— А ты плохо понимаешь, это хуже.
— Я не понимаю, я чувствую.
Геленка вдруг вся преобразилась. Ее жесткие черты смягчились, выражение лица стало совсем другим. Анджей с испугом смотрел на нее, он боялся, что Геленка расплачется. Но нет, лицо ее преобразилось, как весенний пейзаж, и Анджей вдруг увидел, как расцвела на этом строгом лице сестры добрая, робкая улыбка отца. Он стиснул зубы.

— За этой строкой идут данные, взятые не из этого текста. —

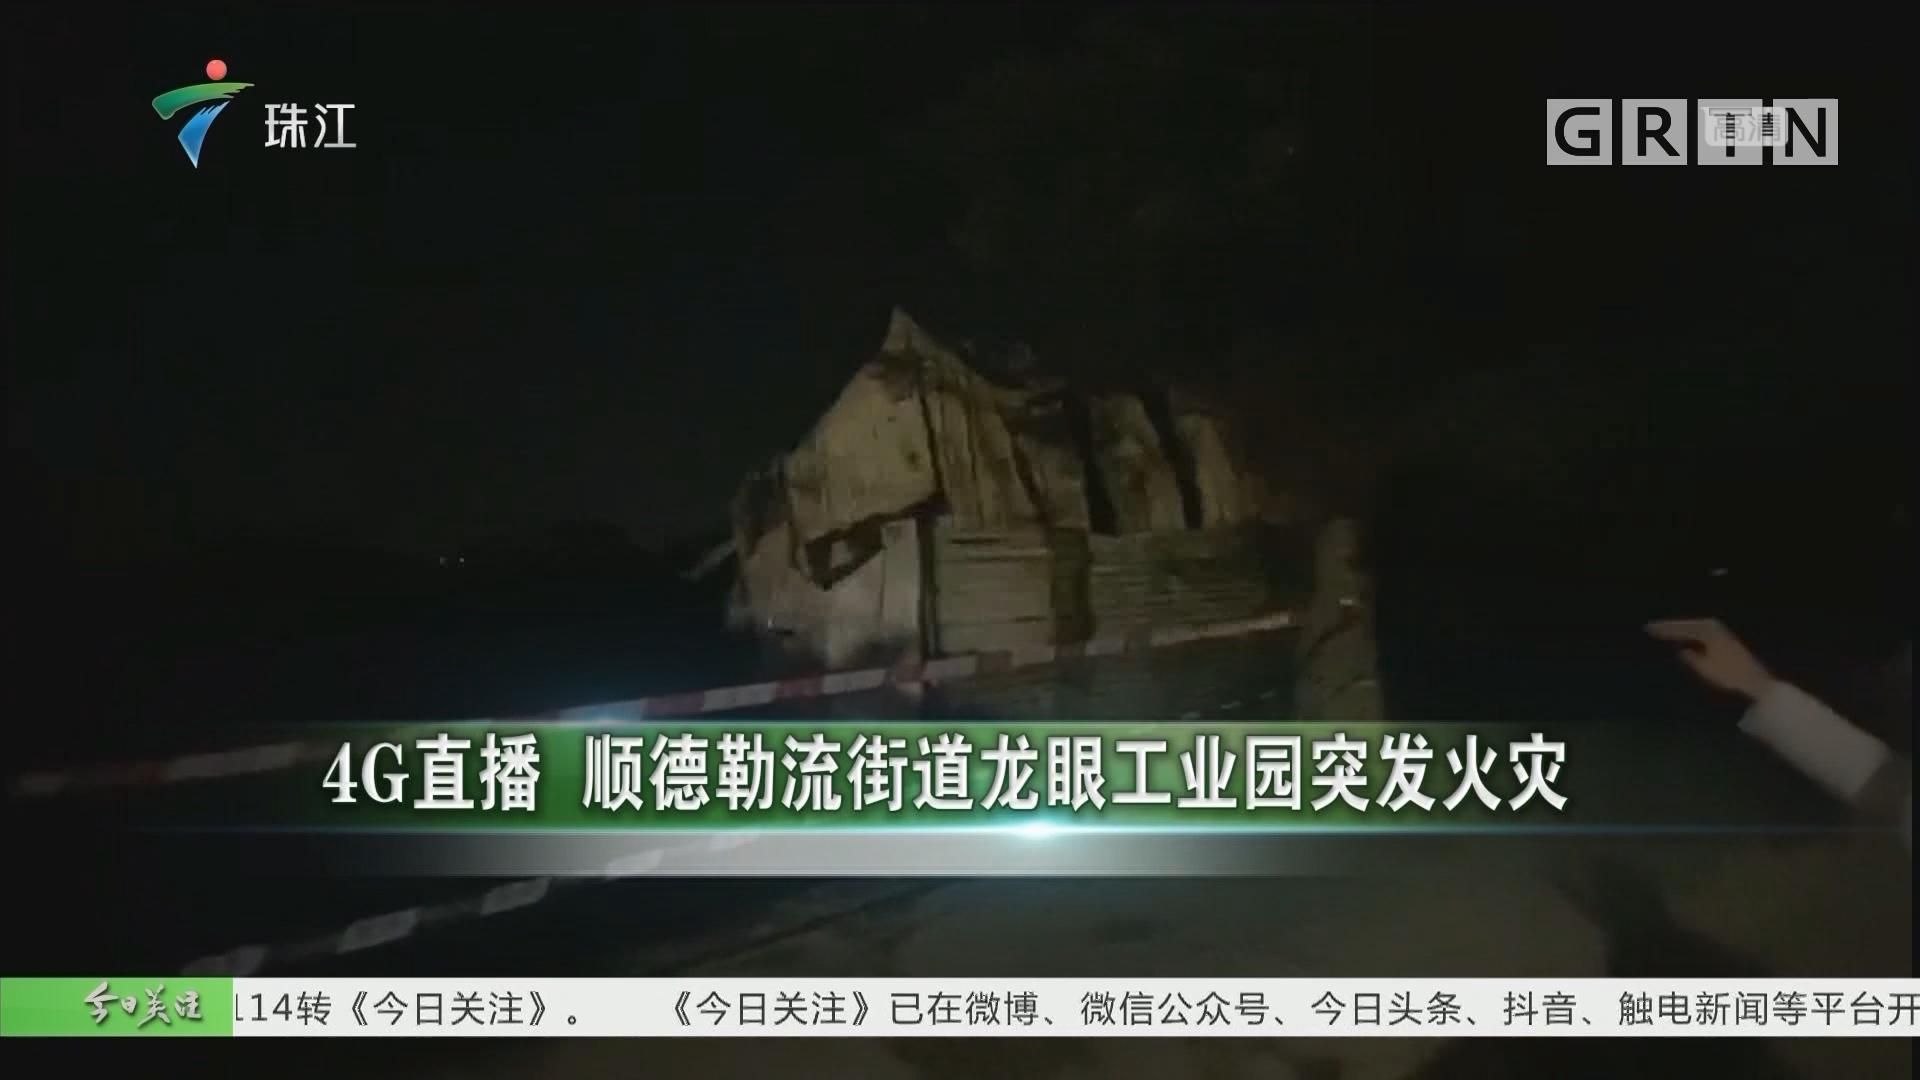 4G直播 顺德勒流街道龙眼工业园突发火灾

А Геленка близко-близко подошла к нему и, положив руку на его плечо, поцеловала в склоненную голову, быстро поцеловала его спутавшиеся волосы и сказала:
— Не надо ничего «чувствовать», Анджеек. Все за нас уже перечувствовано.
VI
Тем временем полуобнаженный Губерт разыскал Эльжбету. Она сидела в сумрачной столовой, бессмысленно уставившись в угол, нахохлившаяся, как воробей в ненастье. Он едва узнал ее.
— Что тебе, Юзек? — спросила она, когда он остановился в дверях.
Губерт улыбнулся.
— Почему вы называете меня Юзеком? — спросил он.
Эльжбета смешалась:
— Нет, нет, это я так, обмолвилась, — быстро проговорила она.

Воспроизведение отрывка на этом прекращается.